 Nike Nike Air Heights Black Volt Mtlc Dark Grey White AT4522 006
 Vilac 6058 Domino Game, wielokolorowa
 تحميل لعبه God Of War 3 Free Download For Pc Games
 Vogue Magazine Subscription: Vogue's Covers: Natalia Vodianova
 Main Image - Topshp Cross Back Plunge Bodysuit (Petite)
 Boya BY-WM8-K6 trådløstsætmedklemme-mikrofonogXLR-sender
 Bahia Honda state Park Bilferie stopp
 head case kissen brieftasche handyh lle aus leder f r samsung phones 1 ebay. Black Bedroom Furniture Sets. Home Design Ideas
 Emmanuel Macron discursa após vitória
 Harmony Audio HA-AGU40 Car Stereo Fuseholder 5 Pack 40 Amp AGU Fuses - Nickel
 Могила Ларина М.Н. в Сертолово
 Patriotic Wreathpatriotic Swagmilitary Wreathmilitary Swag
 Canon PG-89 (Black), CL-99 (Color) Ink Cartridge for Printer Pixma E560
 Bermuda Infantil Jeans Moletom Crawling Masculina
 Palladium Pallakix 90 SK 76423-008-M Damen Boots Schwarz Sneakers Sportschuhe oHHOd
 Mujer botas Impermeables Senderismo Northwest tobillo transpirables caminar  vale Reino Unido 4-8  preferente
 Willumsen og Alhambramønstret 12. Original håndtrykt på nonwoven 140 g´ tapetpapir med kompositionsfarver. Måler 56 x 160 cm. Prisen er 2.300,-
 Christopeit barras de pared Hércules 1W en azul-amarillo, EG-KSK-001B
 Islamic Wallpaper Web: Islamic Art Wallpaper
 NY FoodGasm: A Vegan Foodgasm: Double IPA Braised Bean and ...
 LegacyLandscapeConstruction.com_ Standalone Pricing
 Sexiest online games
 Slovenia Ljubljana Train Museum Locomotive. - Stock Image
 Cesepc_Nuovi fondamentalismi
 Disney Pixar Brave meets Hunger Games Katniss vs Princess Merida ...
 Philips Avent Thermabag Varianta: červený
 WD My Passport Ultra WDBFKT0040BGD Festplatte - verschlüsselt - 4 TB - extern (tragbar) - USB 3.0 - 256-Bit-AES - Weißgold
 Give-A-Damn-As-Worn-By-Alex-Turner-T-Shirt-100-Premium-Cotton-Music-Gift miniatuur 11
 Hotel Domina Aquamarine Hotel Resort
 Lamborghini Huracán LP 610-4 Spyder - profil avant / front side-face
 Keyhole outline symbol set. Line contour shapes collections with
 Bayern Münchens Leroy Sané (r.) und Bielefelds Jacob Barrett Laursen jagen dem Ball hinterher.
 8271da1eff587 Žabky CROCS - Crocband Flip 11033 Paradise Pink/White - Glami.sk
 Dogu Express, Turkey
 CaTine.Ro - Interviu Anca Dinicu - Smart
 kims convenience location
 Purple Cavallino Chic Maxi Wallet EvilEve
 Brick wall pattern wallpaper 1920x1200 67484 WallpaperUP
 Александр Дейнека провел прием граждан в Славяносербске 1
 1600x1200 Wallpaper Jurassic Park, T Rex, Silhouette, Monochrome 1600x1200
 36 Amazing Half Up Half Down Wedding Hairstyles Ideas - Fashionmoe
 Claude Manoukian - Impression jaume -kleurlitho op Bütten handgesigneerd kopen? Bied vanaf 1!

▶ [Exercise directions] Transcribe only the trailing portion of the entries above: the line that contains "Christopeit barras de" and each line after it.

▶ [Solution to this exercise]
 Christopeit barras de pared Hércules 1W en azul-amarillo, EG-KSK-001B
 Islamic Wallpaper Web: Islamic Art Wallpaper
 NY FoodGasm: A Vegan Foodgasm: Double IPA Braised Bean and ...
 LegacyLandscapeConstruction.com_ Standalone Pricing
 Sexiest online games
 Slovenia Ljubljana Train Museum Locomotive. - Stock Image
 Cesepc_Nuovi fondamentalismi
 Disney Pixar Brave meets Hunger Games Katniss vs Princess Merida ...
 Philips Avent Thermabag Varianta: červený
 WD My Passport Ultra WDBFKT0040BGD Festplatte - verschlüsselt - 4 TB - extern (tragbar) - USB 3.0 - 256-Bit-AES - Weißgold
 Give-A-Damn-As-Worn-By-Alex-Turner-T-Shirt-100-Premium-Cotton-Music-Gift miniatuur 11
 Hotel Domina Aquamarine Hotel Resort
 Lamborghini Huracán LP 610-4 Spyder - profil avant / front side-face
 Keyhole outline symbol set. Line contour shapes collections with
 Bayern Münchens Leroy Sané (r.) und Bielefelds Jacob Barrett Laursen jagen dem Ball hinterher.
 8271da1eff587 Žabky CROCS - Crocband Flip 11033 Paradise Pink/White - Glami.sk
 Dogu Express, Turkey
 CaTine.Ro - Interviu Anca Dinicu - Smart
 kims convenience location
 Purple Cavallino Chic Maxi Wallet EvilEve
 Brick wall pattern wallpaper 1920x1200 67484 WallpaperUP
 Александр Дейнека провел прием граждан в Славяносербске 1
 1600x1200 Wallpaper Jurassic Park, T Rex, Silhouette, Monochrome 1600x1200
 36 Amazing Half Up Half Down Wedding Hairstyles Ideas - Fashionmoe
 Claude Manoukian - Impression jaume -kleurlitho op Bütten handgesigneerd kopen? Bied vanaf 1!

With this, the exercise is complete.